Women were nonpersons in U.S. law for a lot longer than they have been persons. If we start overthrowing settled law using Justice Samuel Alito’s justifications, why not repeal votes for women?
Reproductive rights have been the focus of the recent fracas, but only one side of the coin has been visible: the right to abstain from giving birth. The other side of that coin is the power of the state to prevent you from reproducing. The Supreme Court’s 1927 Buck v. Bell decision held that the state may sterilize people without their consent. Although the decision was nullified by subsequent cases, and state laws that permitted large-scale sterilization have been repealed, Buck v. Bell is still on the books. This kind of eugenicist thinking was once regarded as “progressive,” and some 70,000 sterilizations—of both males and females, but mostly of females—took place in the United States. Thus a “deeply rooted” tradition is that women’s reproductive organs do not belong to the women who possess them. They belong only to the state.
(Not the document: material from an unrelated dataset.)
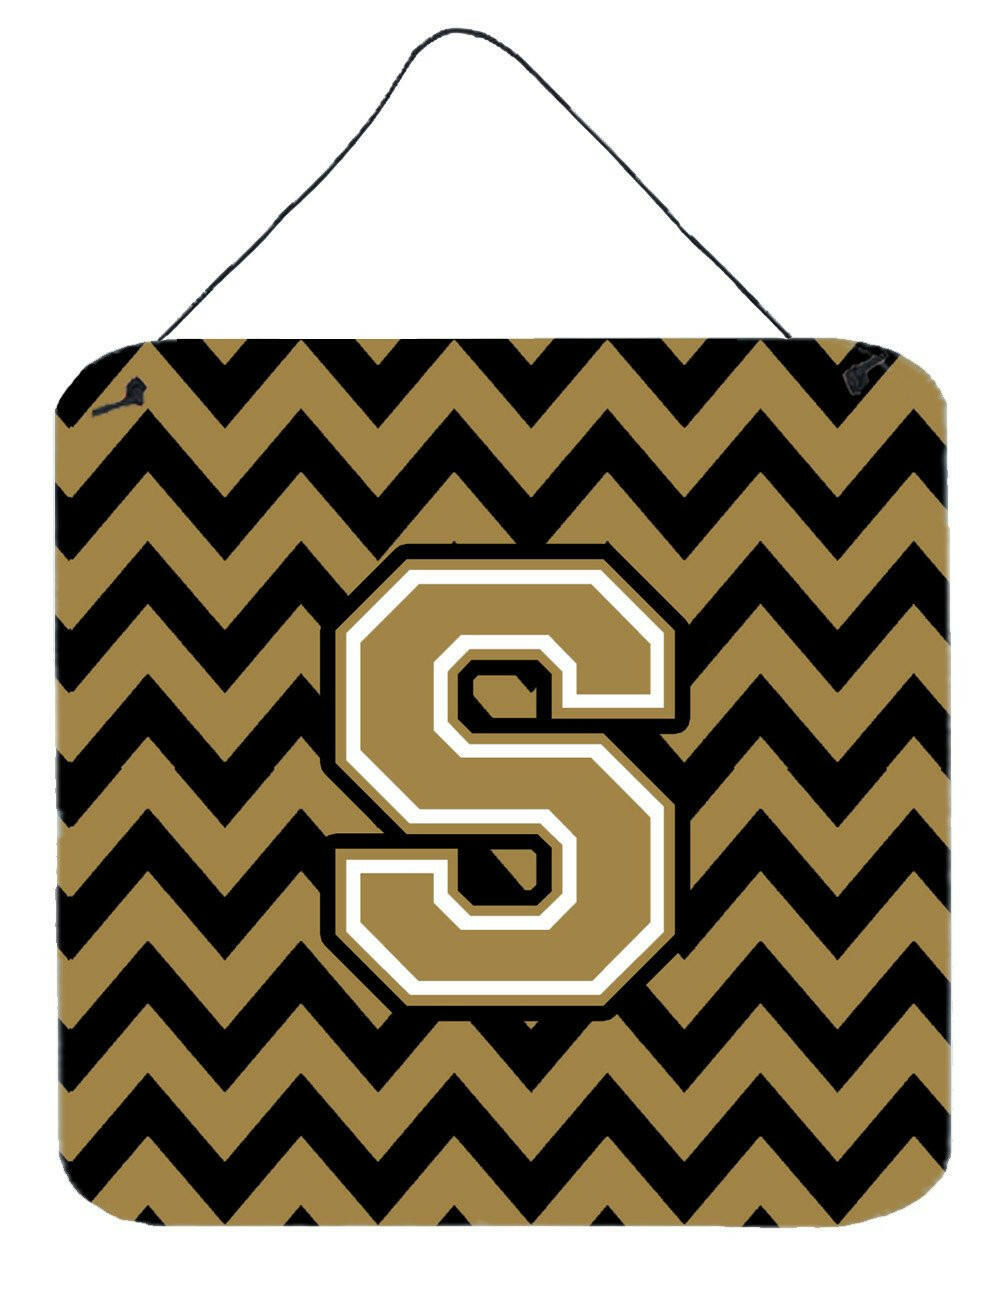 Letter S Chevron Black and Gold  Wall or Door Hanging Prints CJ1050-SDS66 by Caroline's Treasures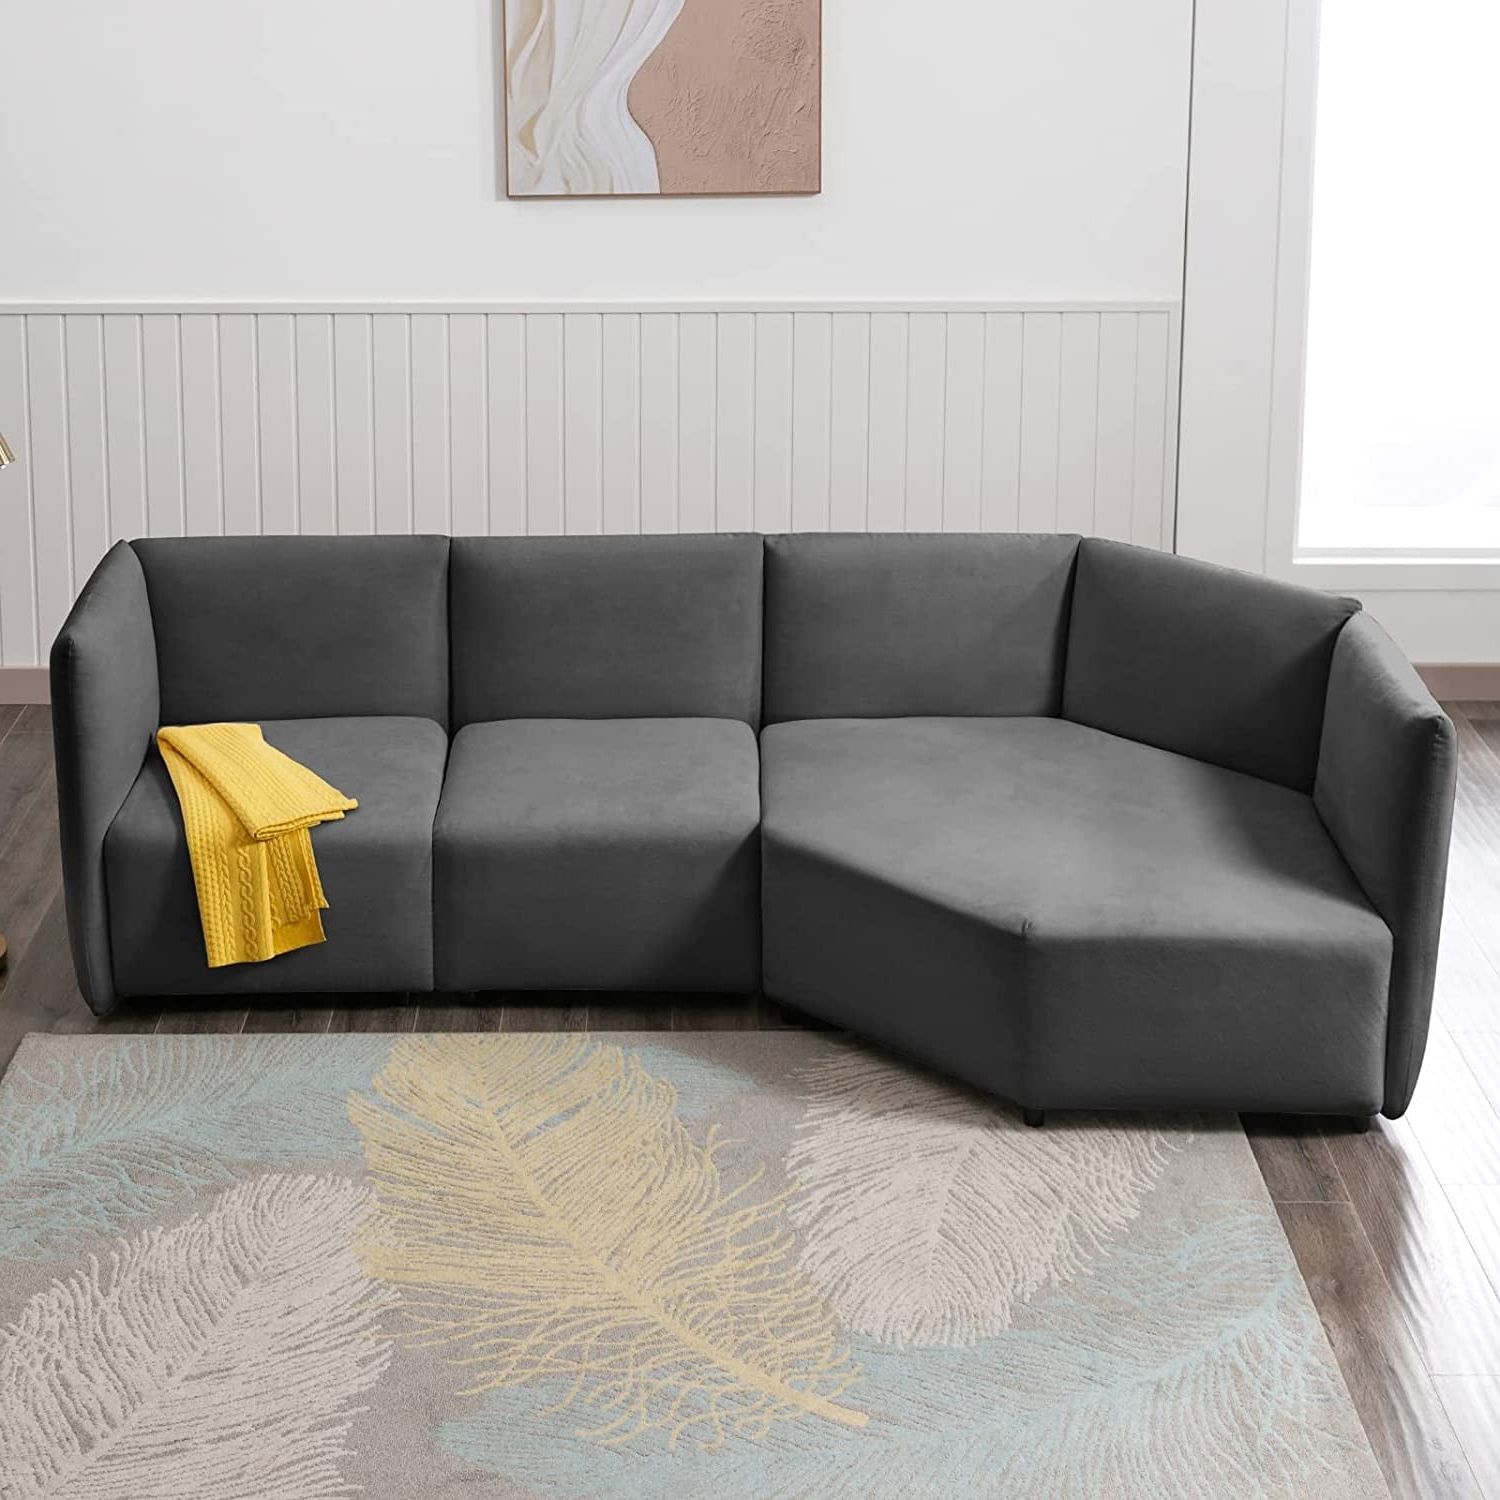 Mixoy Curved Sectional Sofa Couch With Adjustable Armrest And Backrest,   (View 16 of 20)

Wait, you say: It’s not about the organs; it’s about the babies. Which raises some questions. Is an acorn an oak tree? Is a hen’s egg a chicken? When does a fertilized human egg become a full human being or person? “Our” traditions—let’s say those of the ancient Greeks, the Romans, the early Christians—have vacillated on this subject. At “conception”? At “heartbeat”? At “quickening?” The hard line of today’s anti-abortion activists is at “conception,” which is now supposed to be the moment at which a cluster of cells becomes “ensouled.” But any such judgment depends on a religious belief—namely, the belief in souls. Not everyone shares such a belief. But all, it appears, now risk being subjected to laws formulated by those who do. That which is a sin within a certain set of religious beliefs is to be made a crime for all.